Massimo Di Felice é professor da USP
Jornal Pires Rural – Edição 224 | SÃO PAULO, Janeiro de 2019 | Ano XIII

A Constituição estabelece que o Estado brasileiro seja regido por três poderes: o Executivo, o Legislativo e o Judiciário. Mas existe um quarto poder; a imprensa, que está encarregada de fiscalizar os três poderes originais e cuja missão é exigir que cumpram suas obrigações. O seminário “Jornalismo: as novas configurações do Quarto poder”, teve a proposta de discutir o papel da imprensa na atualidade, diante de um perplexo segmento em crise. Realizado na unidade do Sesc da Vila Mariana, em São Paulo, o evento reuniu mais de 50 profissionais experientes e reconhecidos na sua área de comunicação. Tratando do tema “Fake News – O caos/cosmo da informação digital” estavam Rodrigo Flores, Ivana Bentes (cuja matéria foi publicado na edição 221 do Jornal Pires Rural, que pode ser acessado em www.dospires.com.br) e Massimo Di Felice, que trazemos nesta edição, suas considerações a respeito de Fake News.

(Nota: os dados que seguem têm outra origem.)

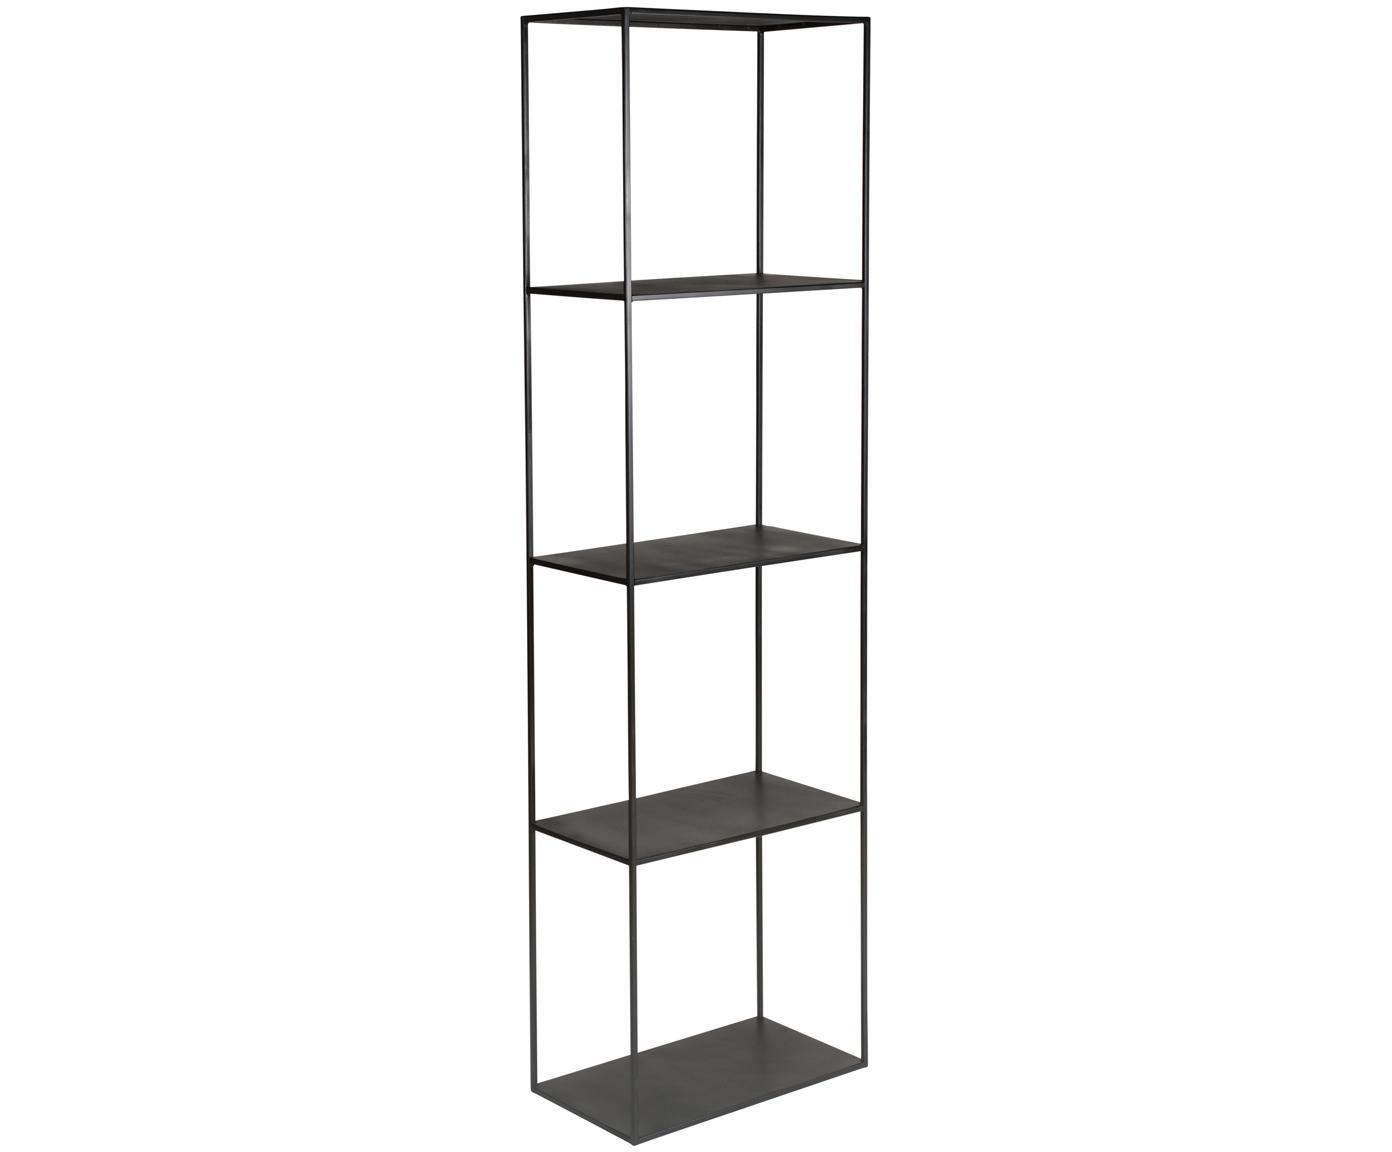 Schwarzes Metall-Regal Expo, Metall, pulverbeschichtet, Schwarz, 50 x 180 cm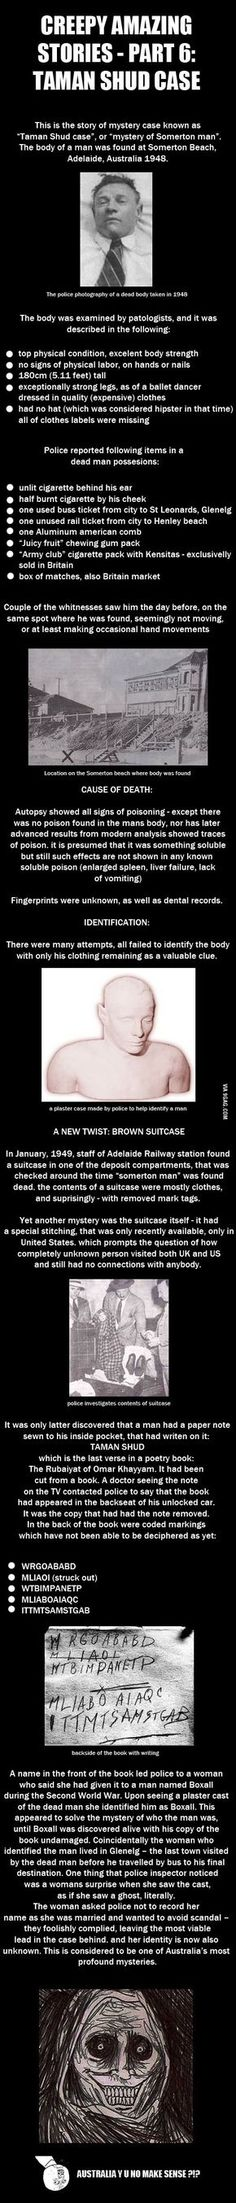 Creepy Amazing Stoires Pt 6: Taman Shud Case

Massimo é professor da USP, diretor do centro internacional de pesquisa Atopos e diretor do Instituto Toposofia de Roma (Itália), além de fundador da rede internacional de pesquisa Sustenibilia, da Universidade La Sapienza, de Roma.

Professor Massimo, tentando esclarecer a transformação da qualidade e da própria natureza da informação na atualidade, época do Big Data (termo que descreve o grande volume de dados — tanto estruturados quanto não-estruturados — que sobrecarrega as empresas diariamente mas, não é a quantidade de dados disponíveis que importa; é o que as organizações fazem com eles) traça um ponto de partida dizendo que no contexto de hiper conectividade, não devemos fazer referência a palavra informação no mesmo sentido da ideia de formação na época da imprensa, da época da mídia de massa, na época da Tv, na época do rádio, isto é, “na época do Small Data (são dados que são “pequenos” o suficiente para a compreensão humana. São dados em um volume e formato que os tornam acessíveis, informativos e acionáveis, isto é, da esfera pública moderna – jornais, televisão, rádio etc. O termo “Big Data” é das redes digitais contemporâneas – robôs e máquinas e “Small data” é sobre pessoas), hoje, a natureza da informação foi alterada”, ressaltou.

Revoluções por minuto
Primeiro ponto de partida em como era a natureza da informação na época dos Small Data: nascia pronta, haviam (poucos) grandes canais que produziam e disseminavam a informação. Essa informação não poderia ser modificada tecnicamente, chegava ao receptor pronta, estampada na capa de um jornal impresso. “A notícia estava dada, poderíamos concordar ou não mas, não havia como modificar tecnicamente, alterar ou intervir na informação publicada. Então, a disseminação da informação na época do Small Data, tinha uma quantidade limitada de informações por dia. Todos os grandes canais de imprensa, decidiam todos os dias, quais eram os argumentos sobre os quais deveriam refletir ou opinar. Além de ser um tipo de informação muito cara, o que gerava uma não autonomia econômica do produtor de informação. A dimensão da informação mudou completamente nos últimos 10 anos. Mudou através da introdução de outros tipos de conectividade. Quando nós falamos de internet devemos considerar que tivemos já 6 tipos de revoluções de diversas internet”, avaliou. Comparando com a história da humanidade, passamos por umas poucas revoluções comunicativas; a passagem da oralidade à escrita – no quarto milênio antes de Cristo. Depois a passagem da escrita para a imprensa com a invenção da prensa de tipos móveis de caracteres do alemão Johannes Gutenberg, no século XV. Depois a eletricidade, à mídia de massa na primeira e segunda revolução industrial e, depois nos anos 90 a internet, totalizam 4 revoluções comunicativas”, explicou.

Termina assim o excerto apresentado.